(Data extracted from a collection)
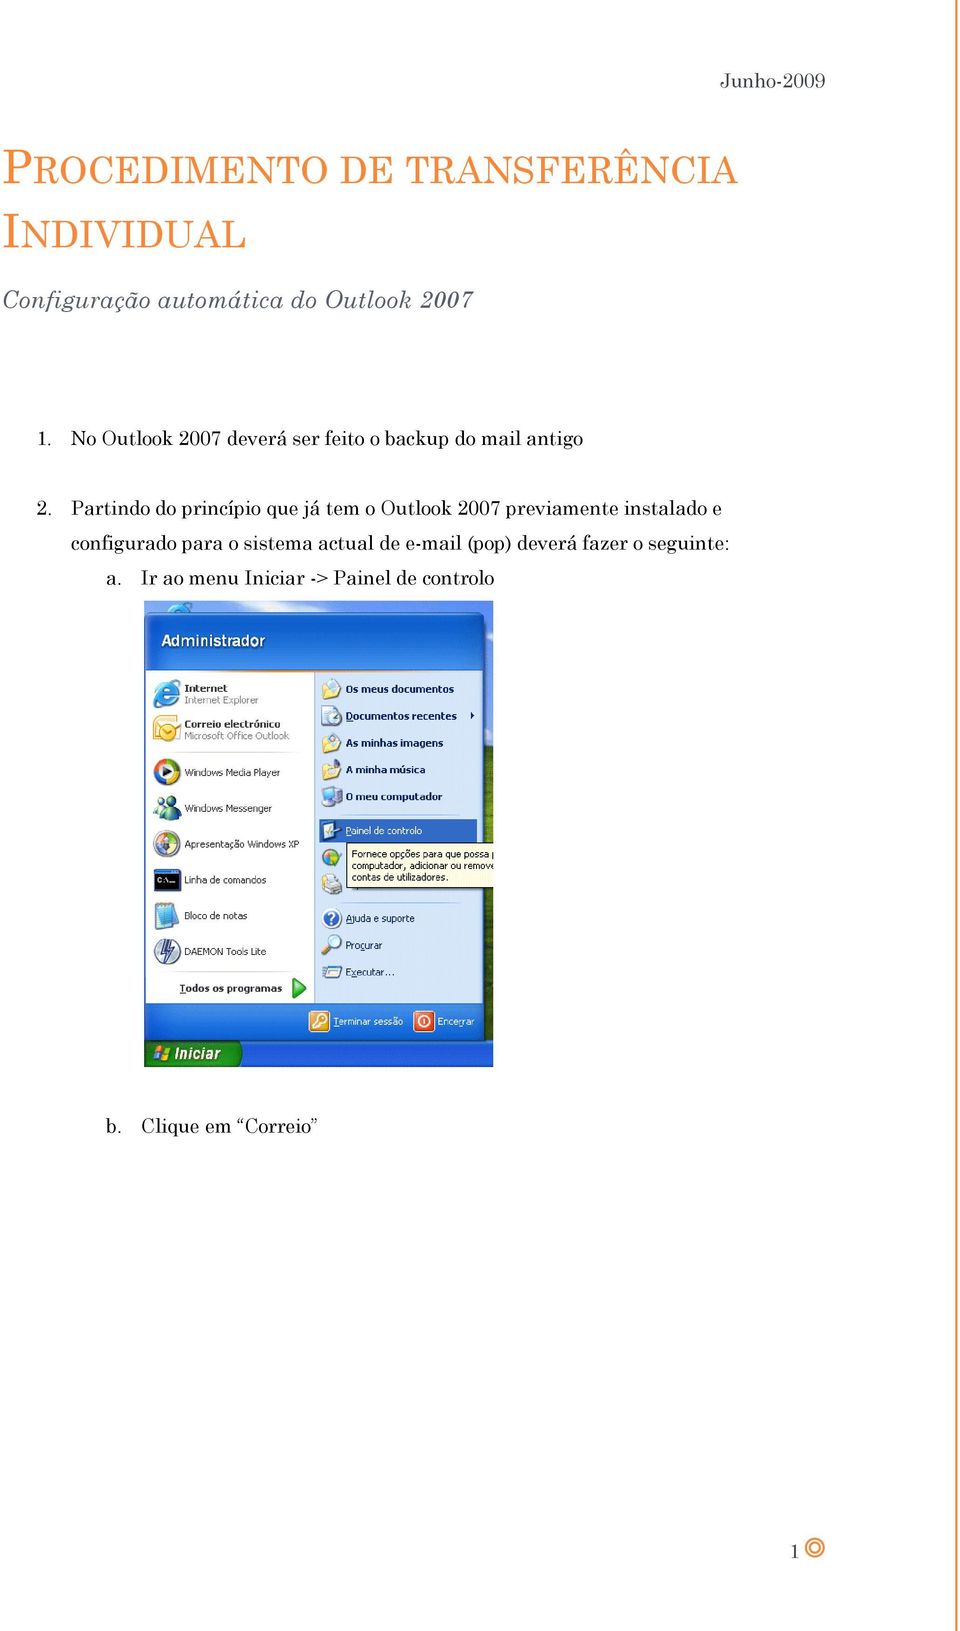 Partindo do princípio que já tem o Outlook 2007 previamente instalado e configurado para
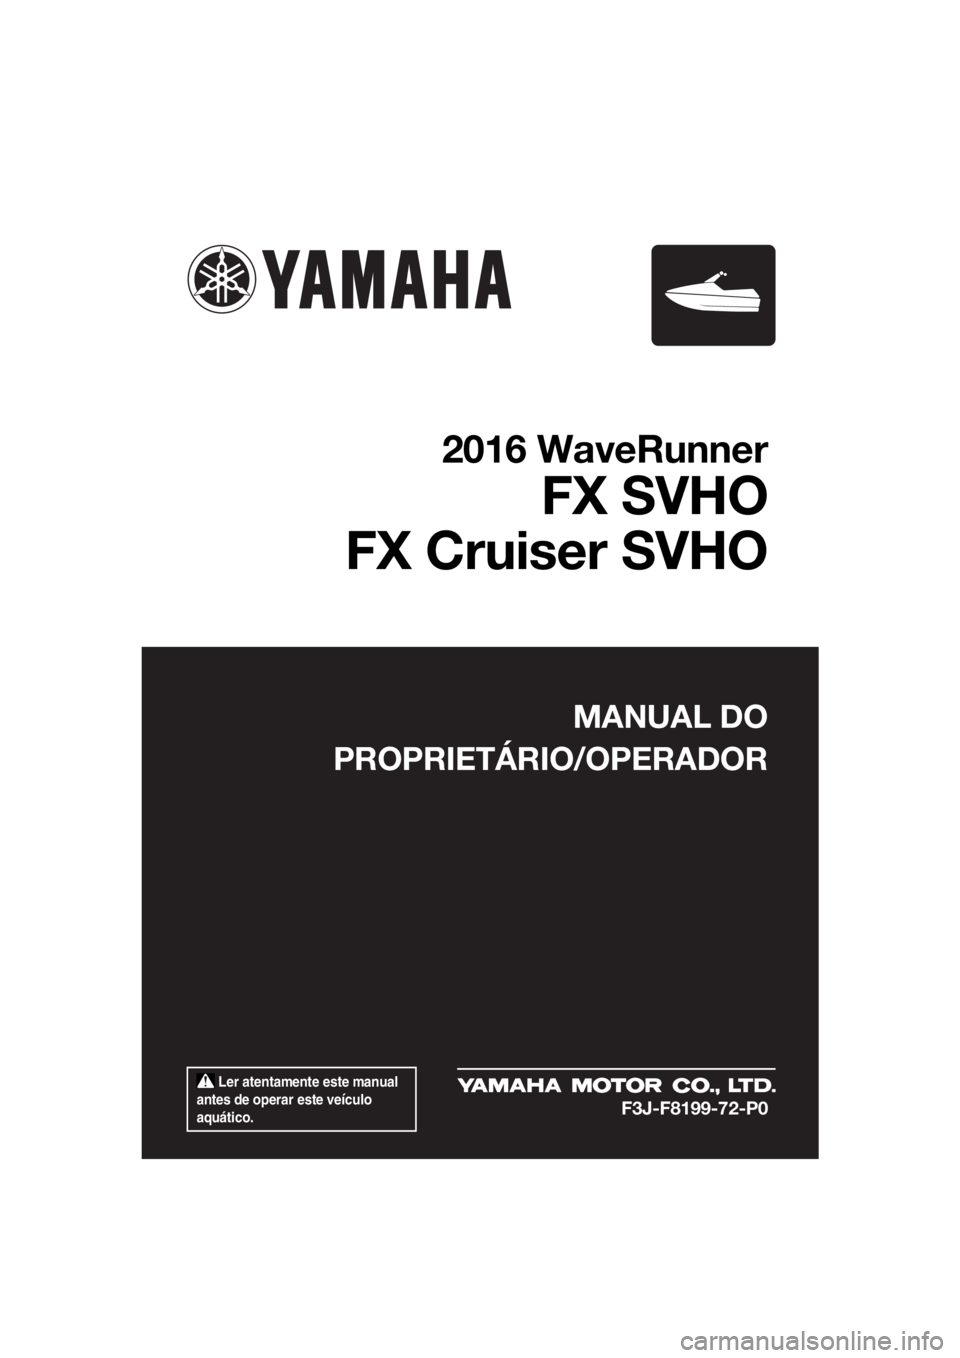 YAMAHA FX SVHO 2016  Manual de utilização (in Portuguese)  Ler atentamente este manual 
antes de operar este veículo 
aquático.
MANUAL DO
PROPRIETÁRIO/OPERADOR
2016 WaveRunner
FX SVHO
FX Cruiser SVHO
F3J-F8199-72-P0
UF3J72P0.book  Page 1  Friday, May 8, 2

Description of the task
Output a verbatim copy of the entries and skip the pictures.

Response to the exercise
 Partindo do princípio que já tem o Outlook 2007 previamente instalado e configurado para
 YAMAHA FX SVHO 2016  Manual de utilização (in Portuguese)  Ler atentamente este manual 
antes de operar este veículo 
aquático.
MANUAL DO
PROPRIETÁRIO/OPERADOR
2016 WaveRunner
FX SVHO
FX Cruiser SVHO
F3J-F8199-72-P0
UF3J72P0.book  Page 1  Friday, May 8, 2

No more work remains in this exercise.